I am a C beginner and working on this problem for weeks now, me and my colleagues can't figure out the solution.
Part 1 of the problem: I use the standard C regex lib (regex.h) included under most Linux distributions. As in many examples online, I use a match function which looks like this
int match(const char *string, char *pattern) {
int status;
regex_t re;
if (regcomp(&re, pattern, REG_EXTENDED) != 0) {
char buffer[100];
regerror(status, &re, buffer, 100);
printf("regcomp() failed with '%s'\n", buffer);
return(0); /* Report error. */
}
status = regexec(&re, string, (size_t) 0, NULL, 0);
regfree(&re);
if (status != 0) {
char buffer[100];
regerror(status, &re, buffer, 100);
printf("regcomp() failed with '%s'\n", buffer);
return(0); /* Report error. */
}
printf("match: %s<\n",string);
return(1);
}
Then, I have a main function with some regex to be checked against an input (which I simulated in this case by values[1]). In this case, it should only match against the second entry of values, the rest should return 0.
int main() {
int i = 0;
char* values[16] = {"ADCICT.A100311.ANTRAG","ADCICT.A100311.ANTRAG.NR","ADDB2P.K004111.PLANxUEB","ADDB2Q.K004111.PLANxUEB","ADDB2P.K004111.PRODxUEB**",
"ADDB2Q.K004111.PRODxUEB**","ADDB2P.K004111.SQLCODE","ADDB2Q.K004111.SQLCODE","ADDB2P.K004111.VORP#UEB","ADDB2Q.K004111.VORP#UEB",
"ADEDVT.A347709.DDIO.*.PGM%COB**","AD000T.K001800.CICS.**","A9VIST.K001804.INFOS","ABC4","ABC5"};
for ( i = 0; values[i] != NULL; i++ ) {
char *theRegex = (char *) malloc(100);
memset(theRegex, 0x00, 100);
theRegex = values[i];
printf("regexV=%x<", theRegex);
transformRegex(&theRegex);
printf("regexN=%s< ", theRegex);
int reti = match(values[1], theRegex);
printf("reti=%i\n", reti);
fflush(stdout);
//free(theRegex);
}
}
transformRegex takes a char* and just adds ^ in the beginning and $ in the end:
int transformRegex(char **regexS){
char tmpStr[strlen(*regexS)+3];
memset(tmpStr, 0x00, strlen(*regexS)+3);
memcpy(tmpStr, "^", 1);
memcpy(&tmpStr[1], *regexS, strlen(*regexS));
strcat(tmpStr, "$");
*regexS = tmpStr;
return 0;
}
In fact, the transformRegex function was supposed to do a lot more, but since I couldn't figure out the solution for this problem, I had to remove as much code as possible and now I am really, really exhausted because I cannot solve it.

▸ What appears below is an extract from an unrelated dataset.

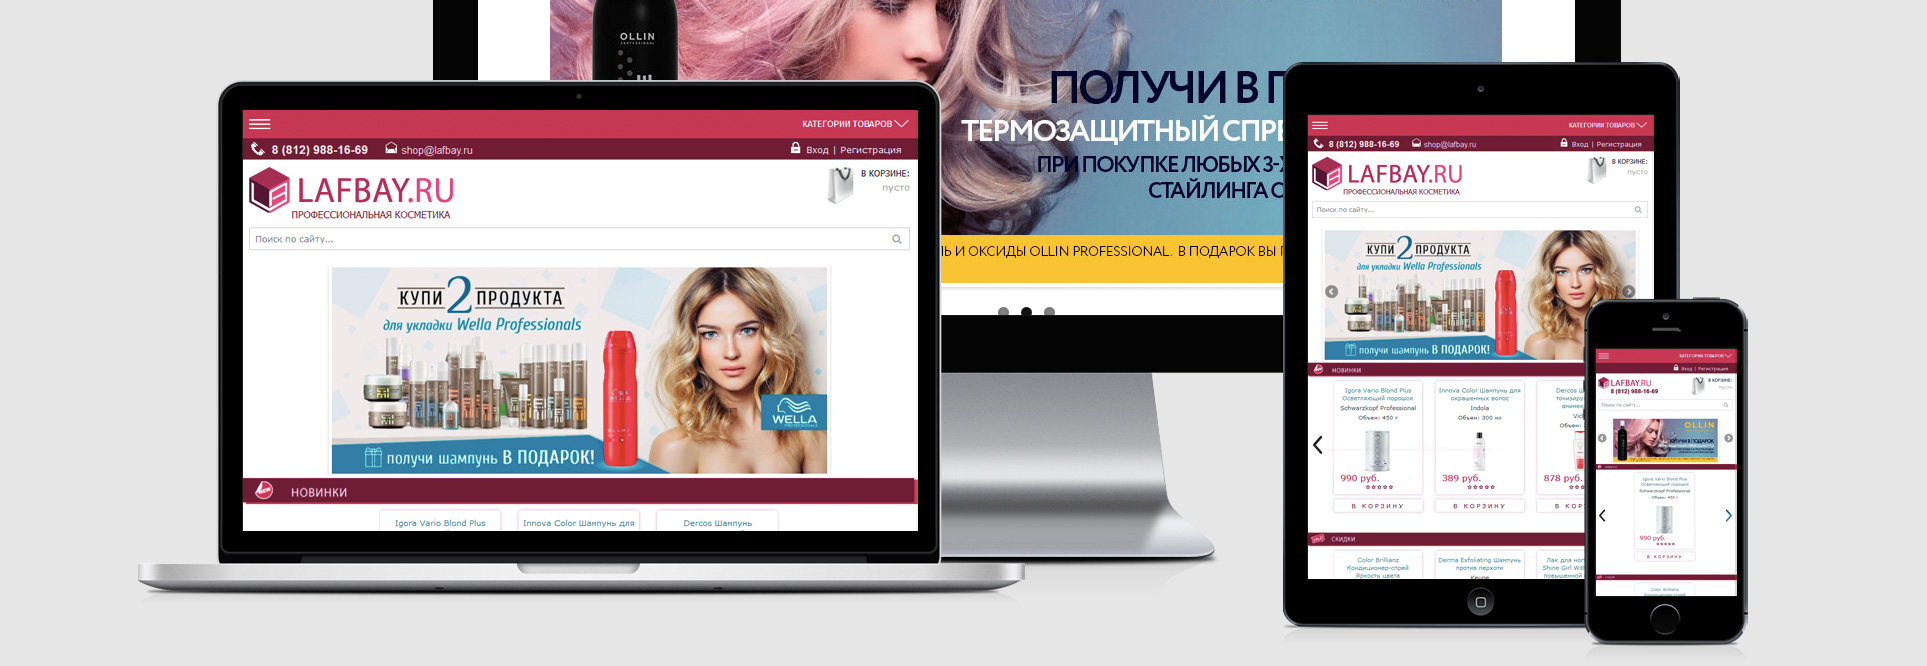 Интернет-магазин профессиональной косметики "Lafbay.ru"
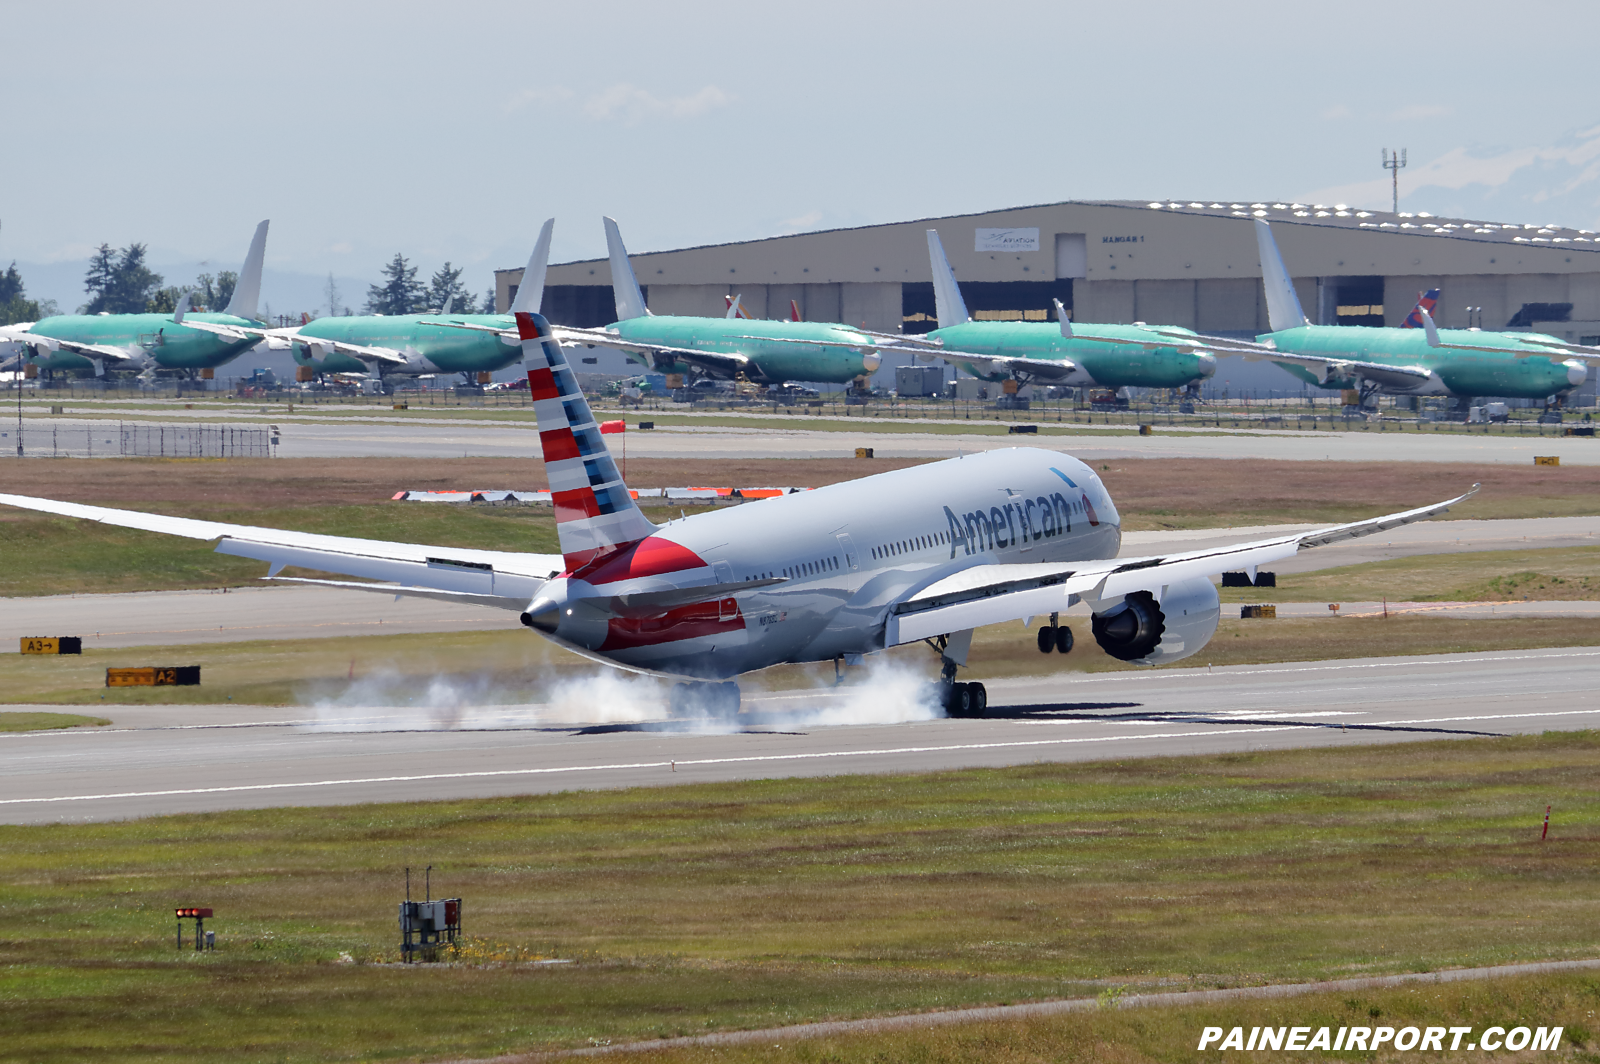 American Airlines 787-8 N878BG at KPAE Paine Field

If I run this program (using gdb), what I get is this:
regexV=4010dc<regexN=^ADCICT.A100311.ANTRAG$< match: ADCICT.A100311.ANTRAG.NR<
reti=1
regexV=4010f2<regexN=^ADCICT.A100311.ANTRAG.NR$< match: ADCICT.A100311.ANTRAG.NR<
reti=1
regexV=40110b<regexN=^ADDB2P.K004111.PLANxUEB$< regcomp() failed with 'No match'
[...]
reti=0
regexV=401207<regexN=^A9VIST.K001804.INFOS$< regcomp() failed with 'No match'
reti=0
regexV=40121c<regexN=^ABC4$< match: ADCICT.A100311.ANTRAG.NR<
reti=1
regexV=401221<regexN=^ABC5$< match: ADCICT.A100311.ANTRAG.NR<
reti=1
How can the last two things possibly match? Not to mention the first one ...
Problem 2: I noticed this problem often before, but it seemed to disappear by itself. If I just take out this line
printf("regexV=%x<", theRegex);
My first lines of output are
regexN= Üÿÿ< regcomp() failed with 'No match'
reti=0
What in the name of god is this? How can a printf statement affect my code like this?
Problem 3: I usually want to free the memory I allocated. Because I allocated theRegex, I want to free it at the end of the loop with
free(theRegex)
But see what happens if I do so:
regexV=4010ec<regexN=^ADCICT.A100311.ANTRAG$< match: ADCICT.A100311.ANTRAG.NR<
reti=1
*** glibc detected *** /home/itgsandbox/KK/a.out: double free or corruption (out): 0x00007fffffffdb70 ***
[...]
Program received signal SIGABRT, Aborted.
0x00007ffff7ab2945 in raise () from /lib64/libc.so.6
I am really at wit's end (which doesn't mean much because I just started with C), but these problems seems to tackle with someone really subtle. Please help me, I trust in you, Stackoverflow!